Whats up with that.. ph has gone up to 7.0..... im thinking might be a ph problem????  Imma switch out the solution.. see if it helps..


----------



## DLtoker (Jun 25, 2007)

It could be the nutes you are using too.  With my FF line it almost looks like I have root rot starting because of the brown Big Bloom.


----------



## RatherBBurnin (Jun 25, 2007)

The nutes are clear or greenish... Imma swap out the water and see whats up... i hope its not algae.. because there is no light getting into my container...


----------



## DLtoker (Jun 25, 2007)

No no, not algae.  Swapping out your solution is prolly your best bet.  Don't sweat it though man.  I'm sure it's nothing serious or crop endangering I should say.


----------



## RatherBBurnin (Jun 25, 2007)

You know when you cough on like a huge bong.. and you cough up that ish that looks like your lung in spit... 
thats what it looks like.. and it comes off the root very easy... so it doesnt look like its rot.... maybe its because i put peroxide in my solution???


----------



## DLtoker (Jun 25, 2007)

Possible.  What was your dose/gal.?


----------



## RatherBBurnin (Jun 25, 2007)

About 3/4 tsp per gallon.. or less..


----------



## DLtoker (Jun 25, 2007)

Was it 3% H2O2?


----------



## DLtoker (Jun 25, 2007)

Golly... Chat would be convenient eh?


----------



## RatherBBurnin (Jun 25, 2007)

yea it was 3%... and yes you need some sort of IM type ish DL.... 
this just isnt working well... 

i cant swap it out until tomorrow at 4pm.. but i checked my ph.. it was 6.8-6.9.. i add like a tbsp of lemon juice..and it drops down past 5... id like to think my ph meter is screwy.. but its brand new.. and my water is reading exactly what its suppose too... i figured it would come back up on its own.. so i just left it instead of adjusting it


----------



## DLtoker (Jun 26, 2007)

Woah.  You can't use lemon juice in hydro man.


----------



## allgrownup (Jun 26, 2007)

you need to change that water ASAP.  your roots are rotting.  your stem will be darkening and hollowing out.
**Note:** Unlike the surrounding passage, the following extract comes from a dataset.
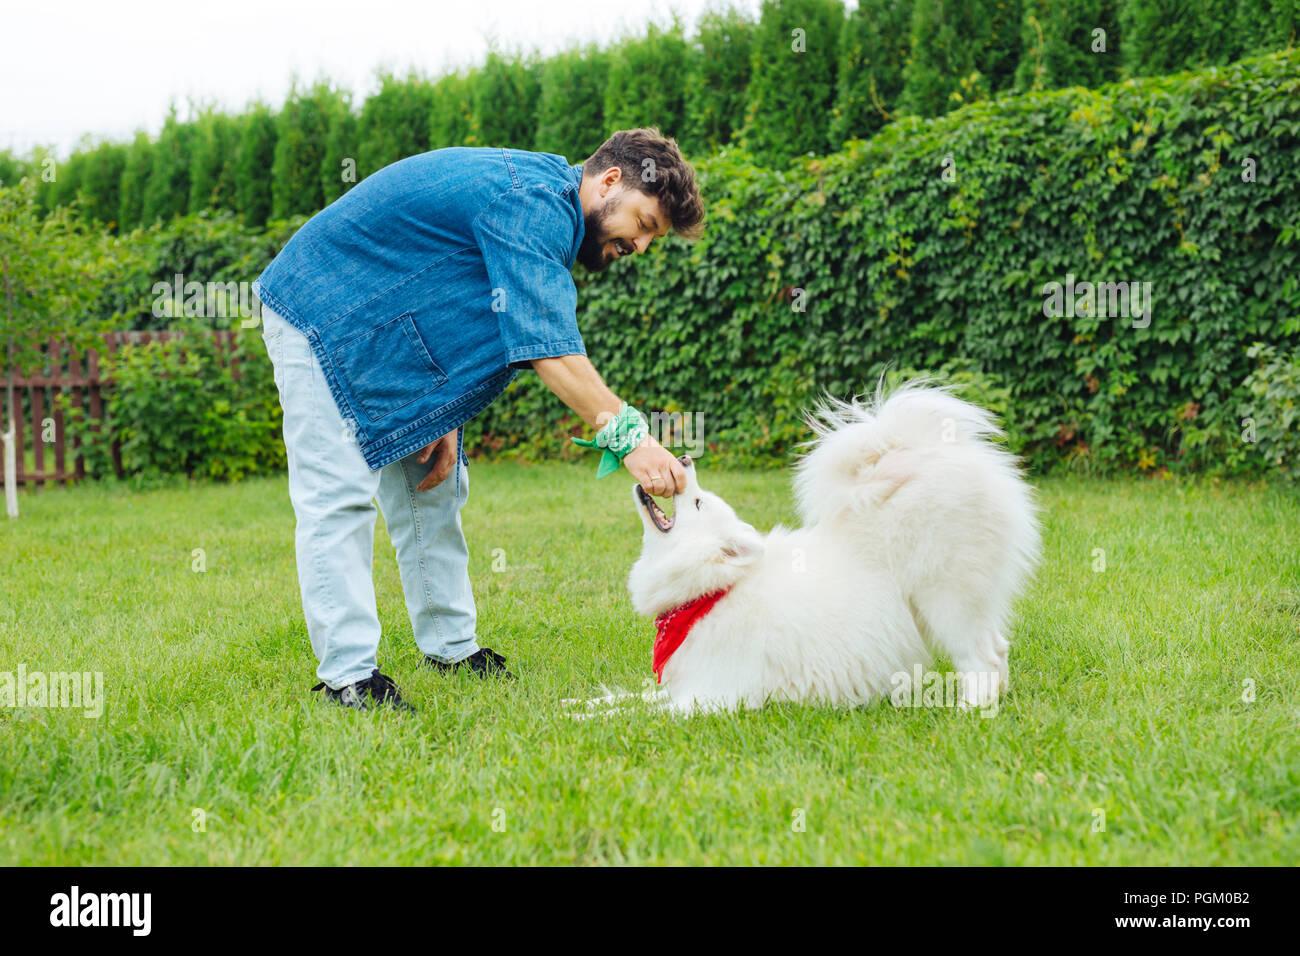 Carino soffici husky giocando con il suo bel proprietario Immagini Stock

those grey roots will be one huge jelly ball soon.  I have cut the stem up above the dying stem before and re rooted with marginal success in the bubble cloner. that was with a clone. i think 1 out of three lived.  How tall is this plant?

your water is prob to warm and light is entering. don't forget to scub that resivoir.


----------



## KADE (Jun 26, 2007)

Lemon juice is fine... it is just more $$ and doesn't last long compared to phdown.


----------



## RatherBBurnin (Jun 26, 2007)

Light isnt getting into the res.... but the water could be getting a bit warm from the light...  

and i thought lemon juice was fine for hydro....


----------



## DLtoker (Jun 26, 2007)

You're pH will rise quickly with lemon juice.  It makes hydro more maintenance than it already is.


----------



## RatherBBurnin (Jun 26, 2007)

Ok what do you suggest then.. i was using fish tank ph up.. but found it barely worked... could the ph be causing the sludge....??? 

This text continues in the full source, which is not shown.